I was taught that in maths we evaluate things, with the acronym BODMAS Brackets, Orders(powers), Division, Multiplication, Addition, Subtraction.
I understand that in Javascript, * and / have equal precedence. + and - do too.
And left associativity is used.
From the few examples I can think of, it seems to work just as well, producing the same results as BODMAs.
It looks like in the reality of the mathematical rules, it doesn't matter whether addition or subtraction is done first. It can matter whether additional or subtraction can done first 5-2+3. And for division and multiplication, it seems like it's only an issue when division is left of multiplication like 9/3*4 then division must be done first. And Javascript does / first in that instance.
But maybe there is an example where it breaks it! Where it gives a different result to standard maths.

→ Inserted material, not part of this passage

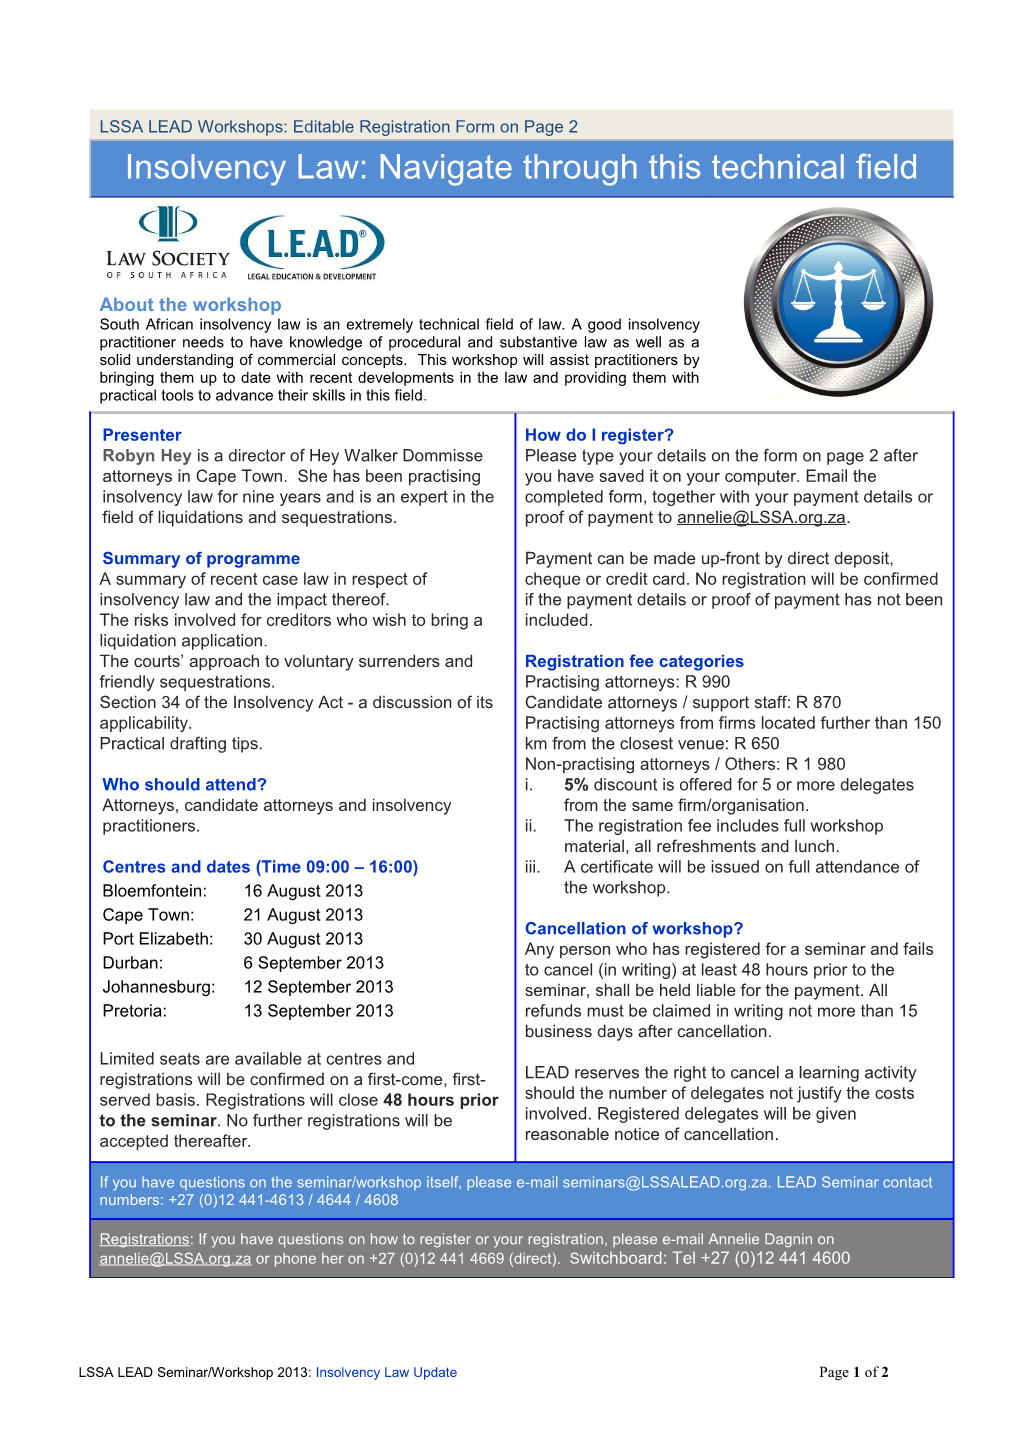 LSSA LEAD SEMINARS 2013: : Insolvency Law Update Page 1 of 3

Can Javascript break logical mathematical rules?
UPDATE-
To answer myself, when in Mathematics one says, PEDMAS where D and M are equal precedence and done left to right. And ditto A and S. You are saying they're left associative, i.e. where the implied brackets are. So programming languages that 'implement PEDMAS' the priority/precedence, and DM and AS being left associative, are totally following the PEDMAS rule. So, if there is any breaking of mathematical rules, it isn't from the associativity of M,D,A,S which is the same as in (conventional) mathematics. Also, in Mathematics, the unary minus is here- PEUDMAS so -5^2=-(5^2)=-25. exponent takes priority over unary minus. Though javascript probably gets that right. Apparently floating points in javascript break rules, as shown in some answers, though that wasn't what I had in mind as what I had in mind was purely re PEDMAS, but it seems parentheses make a difference with floating point numbers, where they shouldn't in normal mathematics, as shown in the answer I accepted.

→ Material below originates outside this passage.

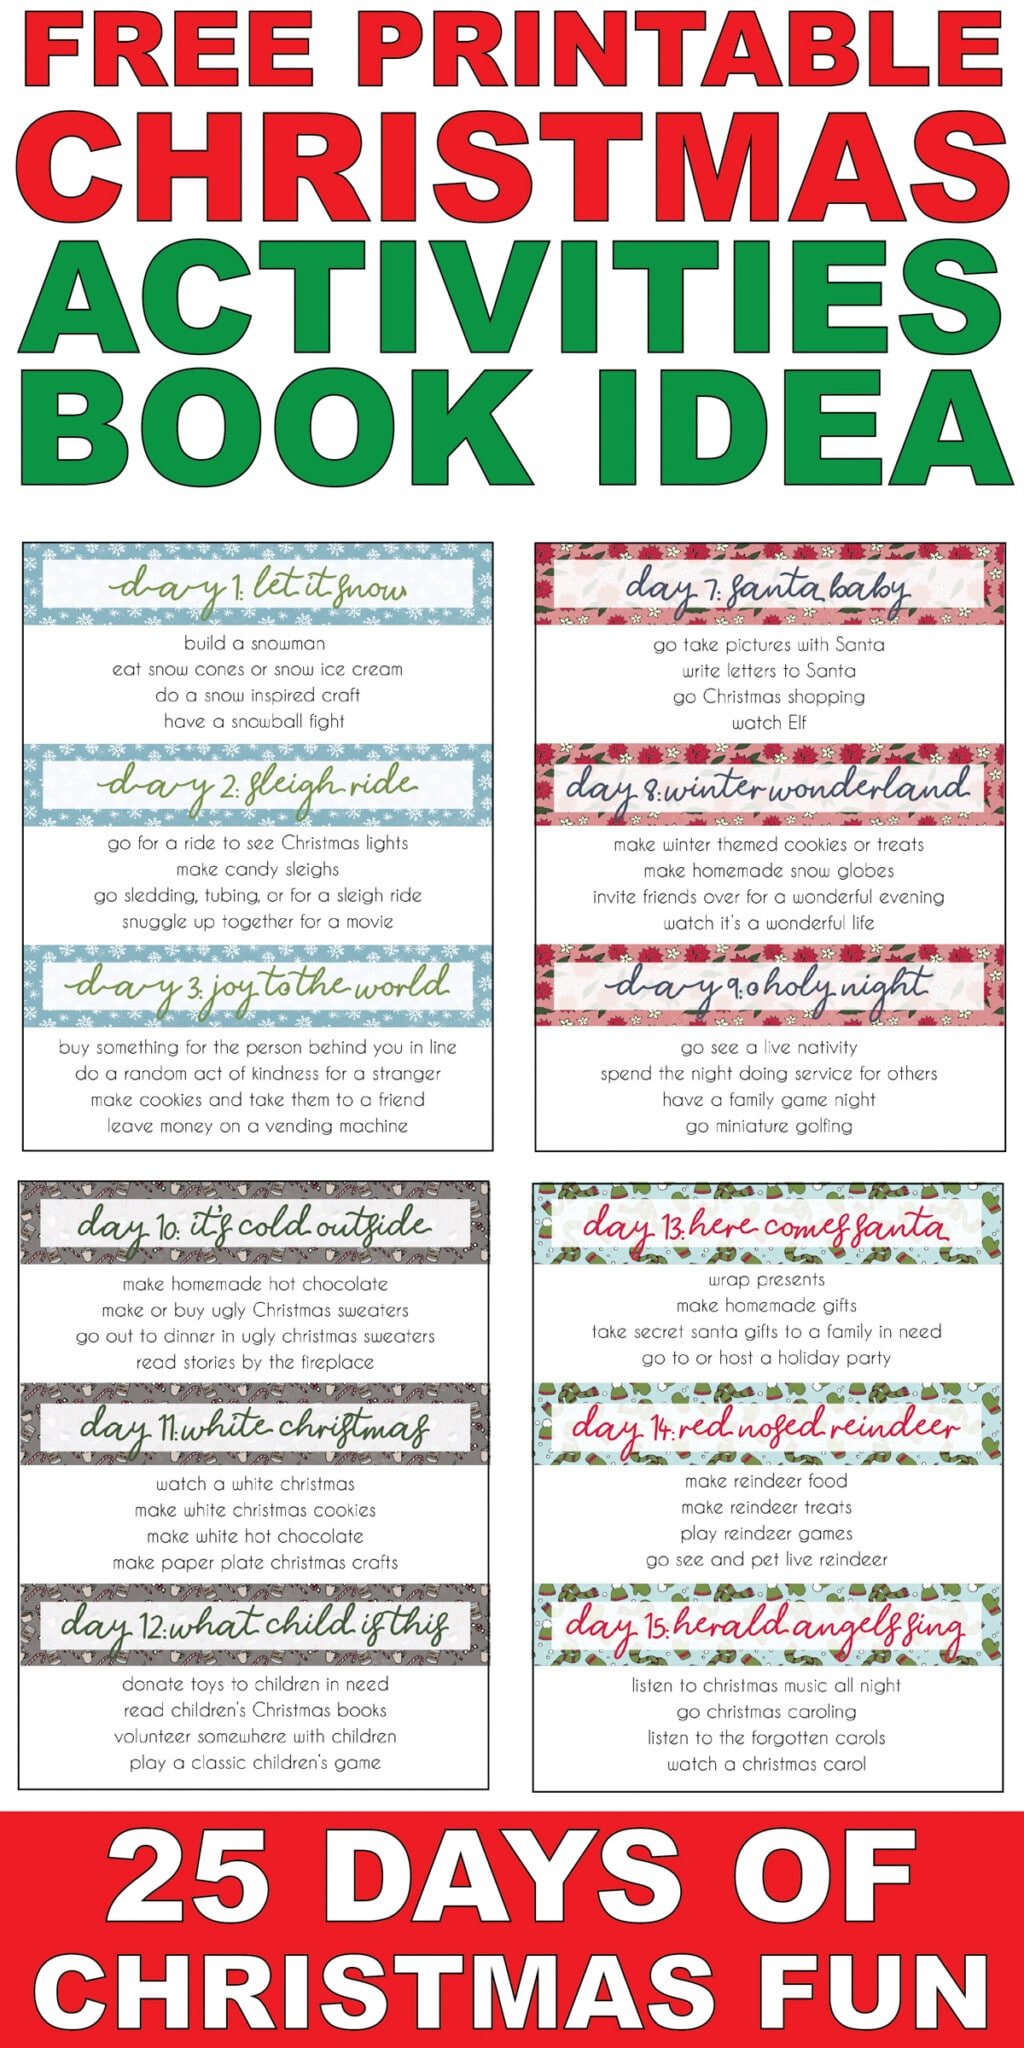 Free printable Christmas activities for families book! Perfect for kids, for teens, and even for adults or couples with no kids! Over 100 fun activities to do during the Christmas season - one to choose each day like a Christmas activities countdown!

The only problem is with float numbers where the approximation of a division is extremely buggy. An actual example of this would be the fact that this will always alert false:
var a = 0.1;
var b = 0.2;
var c = 0.3;
if((a+b)+c == a+(b+c))
alert("true");
else
alert("false");
So basically the problem is with the Number object but not with the theoretical math implemented. As a programmer you probably understand the difference of the pre and post incrementation and the order of the operators so I do not really understand why did you gave as example 9/3*4 where the logic of the programmer applies and is verbose with the actual math.
Finally the answer you seek ( probably just out of curiosity ) is that the actual logic of the math you know it has not been changed in JavaScript, just some bugs from the roots of this language which still haunts us today.